## MATERIAL SUPPLIED
● ● ● ● ● ● ●

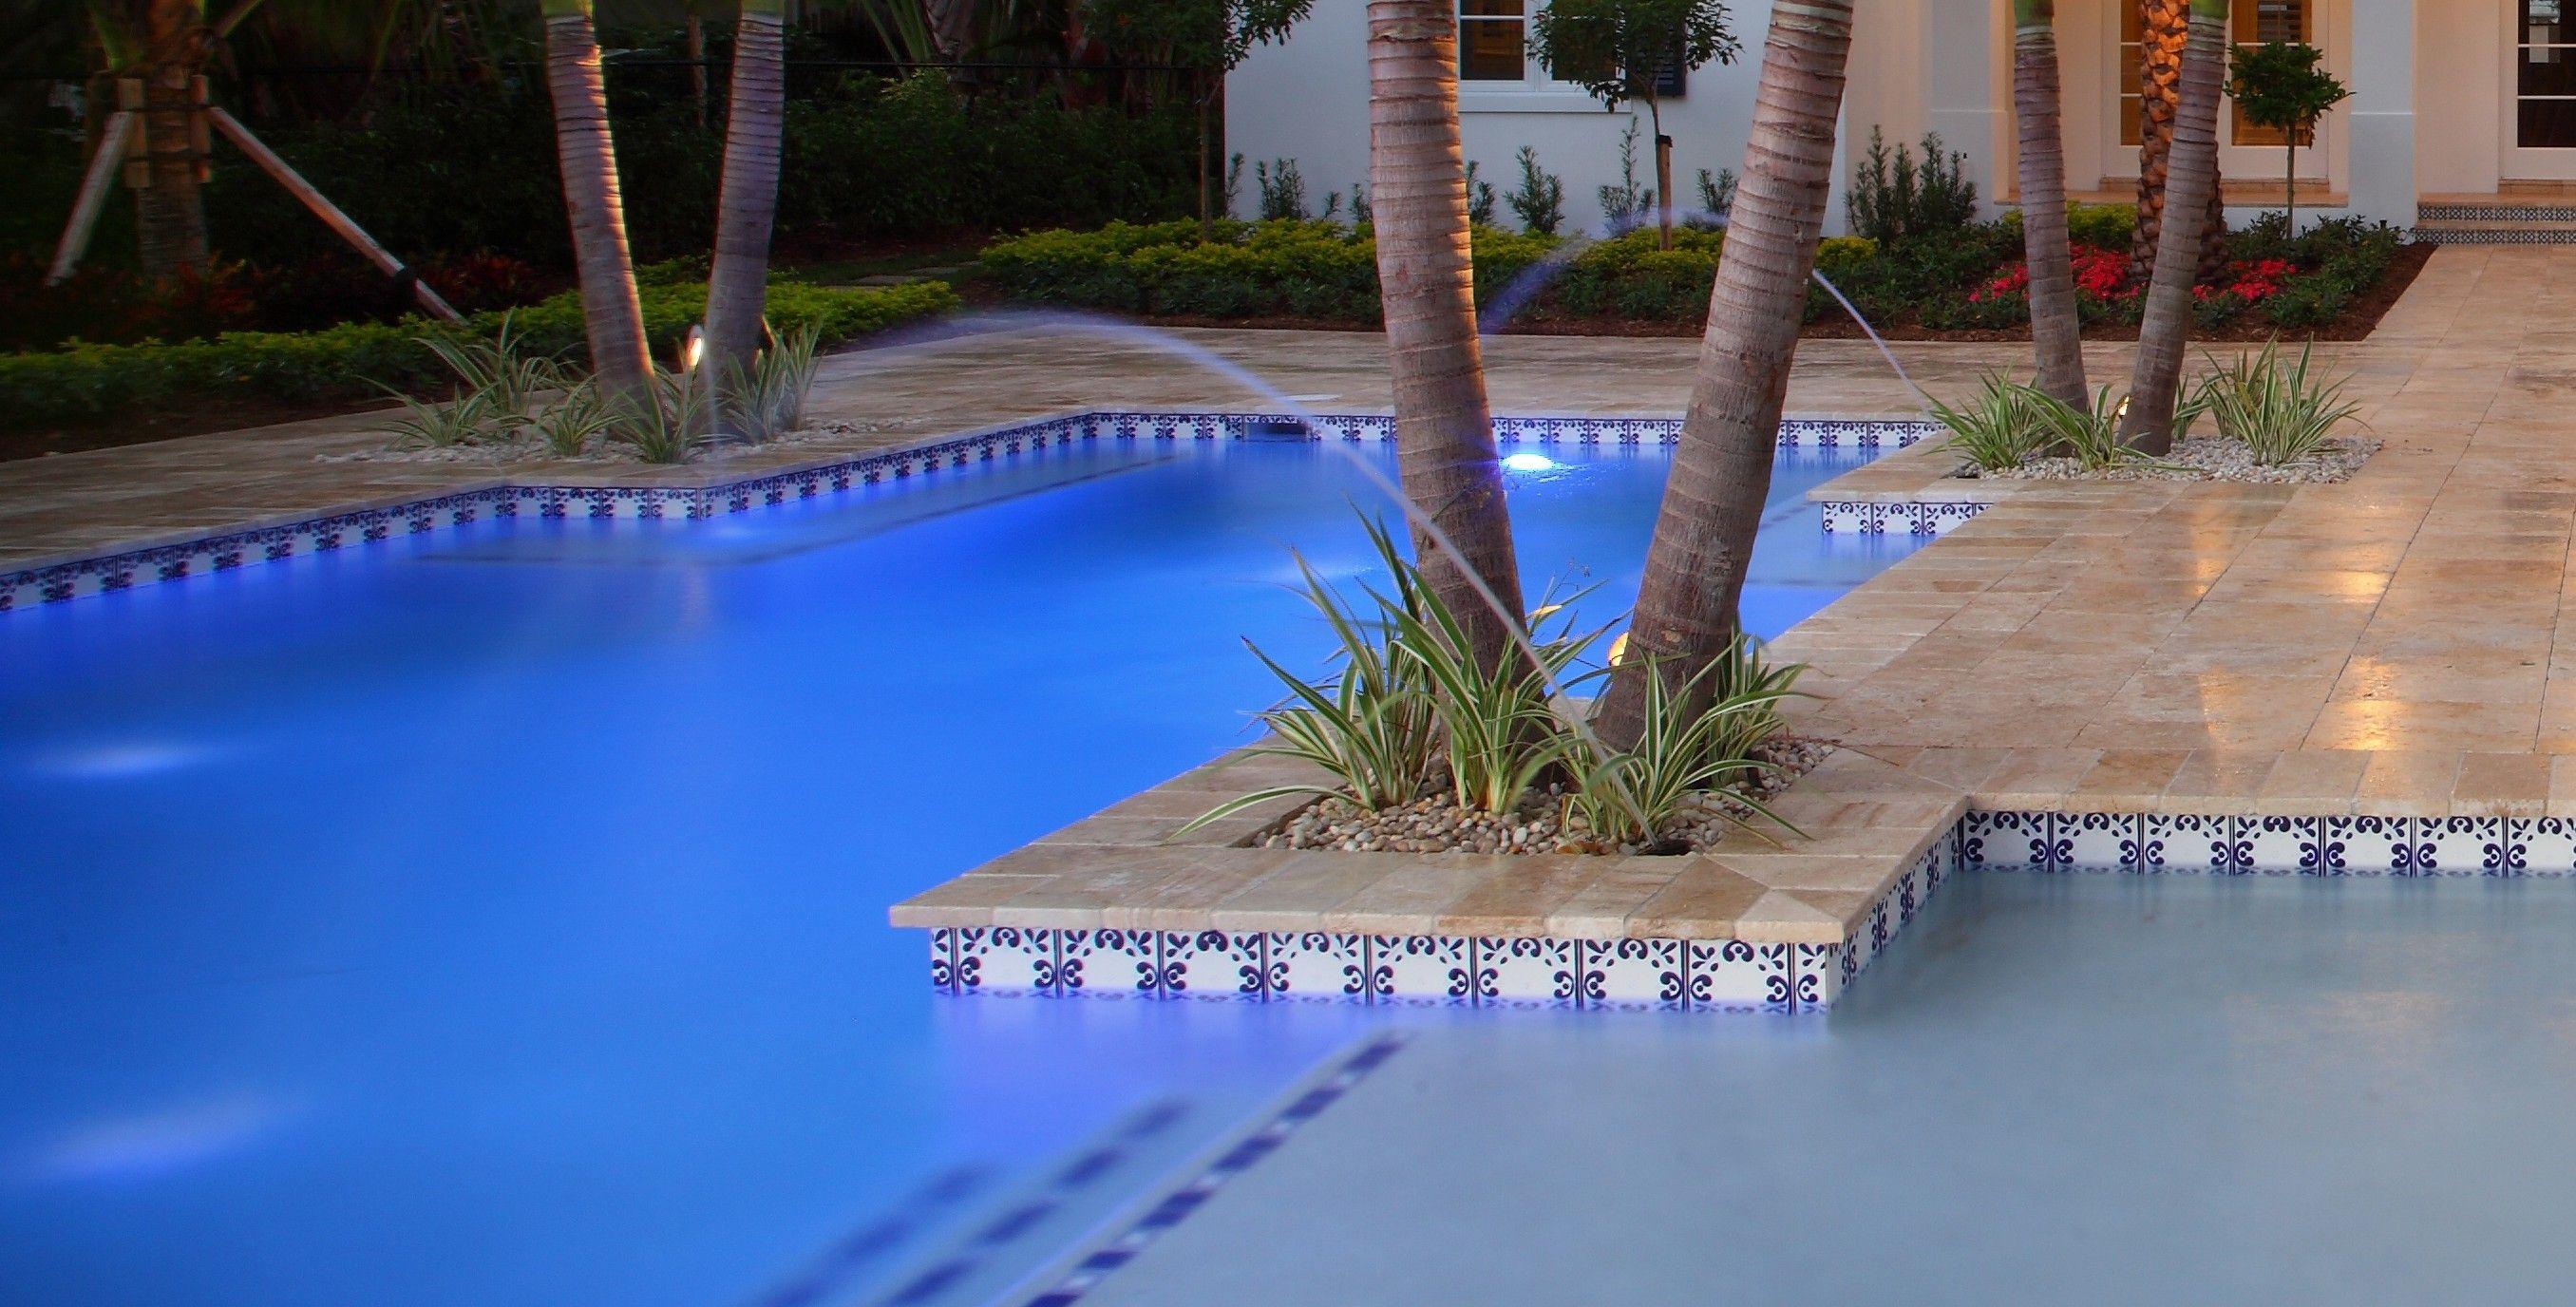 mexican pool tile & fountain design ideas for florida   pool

● ● ● ● ● ● ●

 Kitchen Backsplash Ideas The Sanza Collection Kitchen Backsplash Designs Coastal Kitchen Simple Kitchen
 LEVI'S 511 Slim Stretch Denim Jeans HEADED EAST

● ● ● ● ● ● ●

## GOAL OF THE EXERCISE
From the data above, reproduce word for word the lines running from the line with "Kitchen Backsplash Ideas" to the line with "LEVI'S 511 Slim", ends included.

## SOLUTION
 Kitchen Backsplash Ideas The Sanza Collection Kitchen Backsplash Designs Coastal Kitchen Simple Kitchen
 LEVI'S 511 Slim Stretch Denim Jeans HEADED EAST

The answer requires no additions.